On the wall opposite the foot of the stairs, the row of framed photographs caught the midmorning light. She could see them from there: the formal group photograph, the one of him in front of his building, the smaller black-framed one of the young Mr. Caleb that had held her attention that Thursday morning.
She came down the rest of the stairs.
She told herself she was going back to the kitchen. She was going to start preparing lunch. That was the next thing in her morning.
She stopped in front of the photographs.
She looked at the small black frame.
The young man with the sharp eyes and the serious face looked directly at the camera. She still could not explain it, that feeling she had tried, in the quiet moments of the past 2 weeks, to put a name to. The closest she could get was this: it was like looking at a place you had never been and feeling for 1 strange second that you had. Not a memory. Something older than a memory. Something that lives in the body rather than the mind.
She looked at the photograph for a long moment. Then, without entirely planning to, she turned and walked to the study door and knocked.
“Sir?”
“Come in.”
She opened the door.
He was at his desk, but his laptop was closed and he was not reading anything. He was just sitting there in a way that was unusual for him, hands in his lap, looking at the desk surface.
“I’m about to start lunch,” she said. “I wanted to ask if Mr. Benjamin is joining you today, so I know how much to prepare.”
“No,” Mr. Caleb said. “Just me.”
“Yes, sir.”
She was about to close the door when he spoke again.
“Rebecca.”
She paused.
“I need to take care of something this week,” he said carefully. He was looking at the desk as he spoke. “I have been meaning to finalize the paperwork for your employment properly. Contract, emergency contact, the usual things the company requires for household staff.”
He looked up. Then his eyes met hers.
“I’ll need you to bring your official documents. Birth certificate, any identification you have. Can you do that by Thursday?”

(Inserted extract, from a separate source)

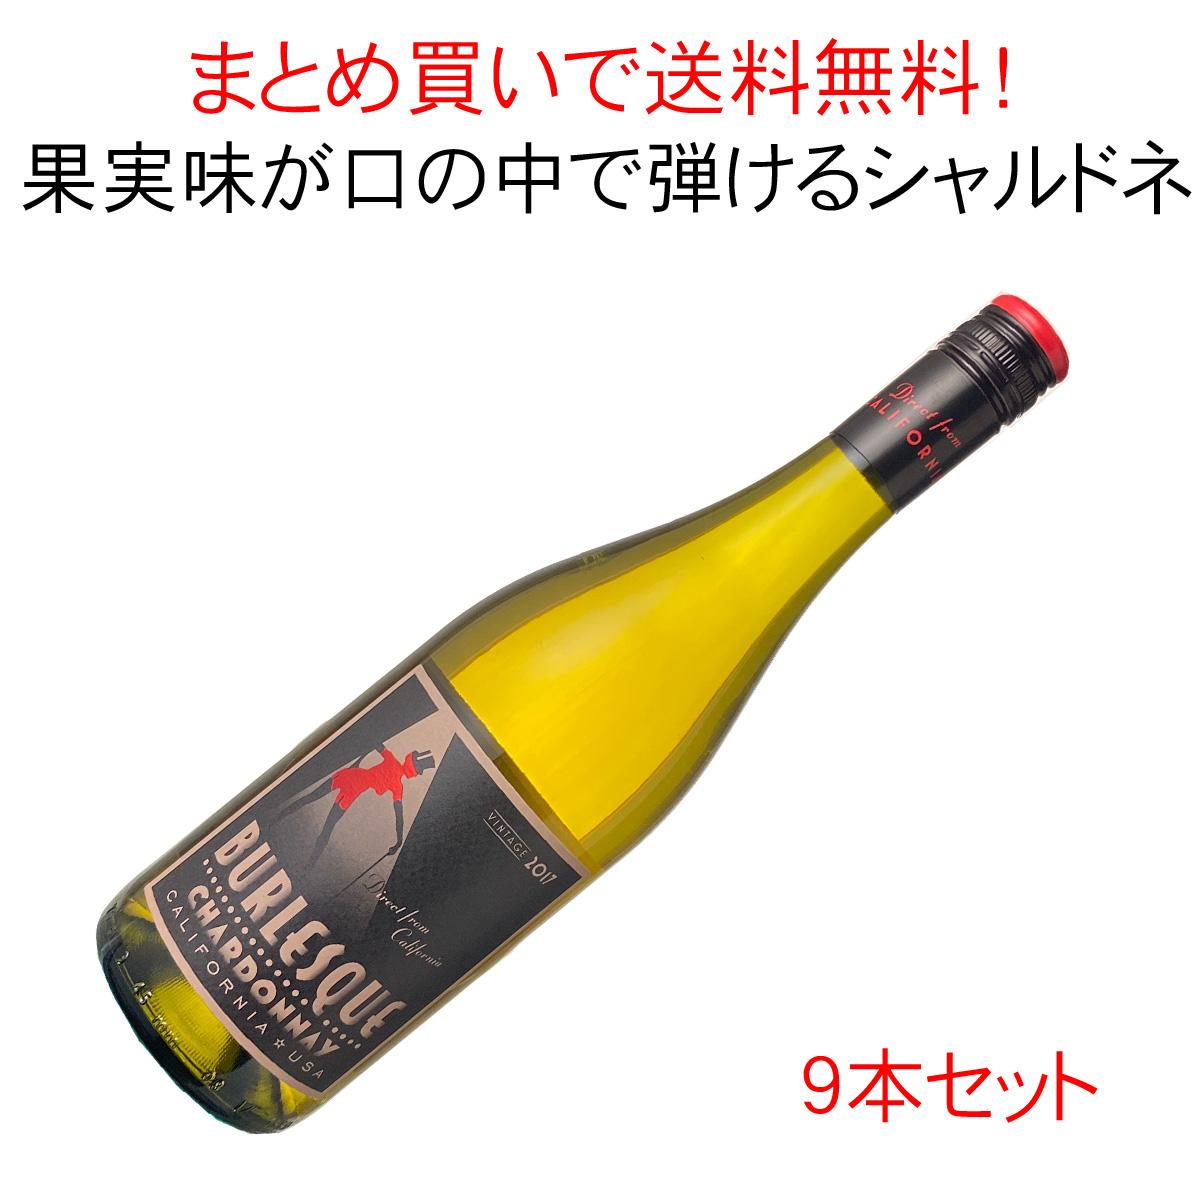 【送料無料】バーレスク シャルドネ [2017] ブティノ アメリカ 1ケース9本セット <白> <ワイン/アメリカ>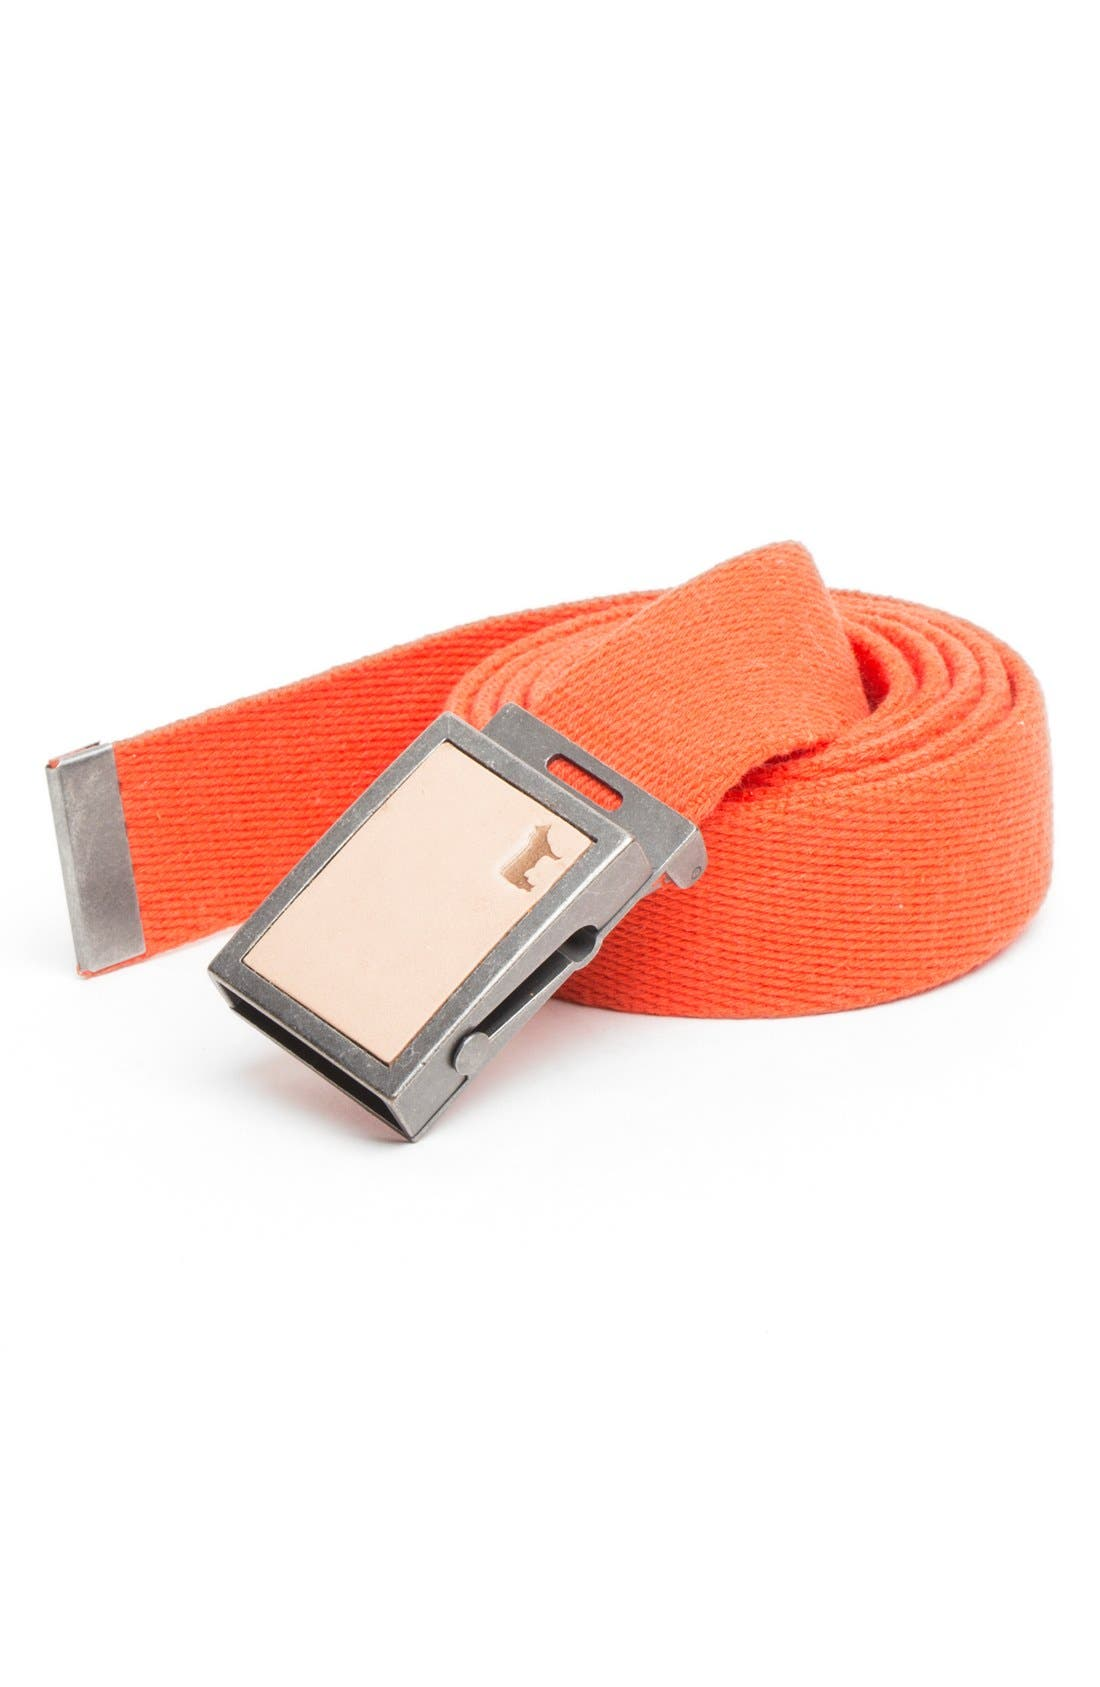 Main Image - Will Leather Goods 'Gunner' Belt

There was nothing strange about the request. It was a completely normal thing for an employer to ask.
“Of course, sir,” Rebecca said. “I’ll bring them Thursday.”
He nodded. “Thank you.”
She pulled the door closed behind her.
She went to the kitchen and began taking things out for lunch, her hands moving through their familiar routine: pot on the stove, water on to heat, vegetables on the board.
Her birth certificate.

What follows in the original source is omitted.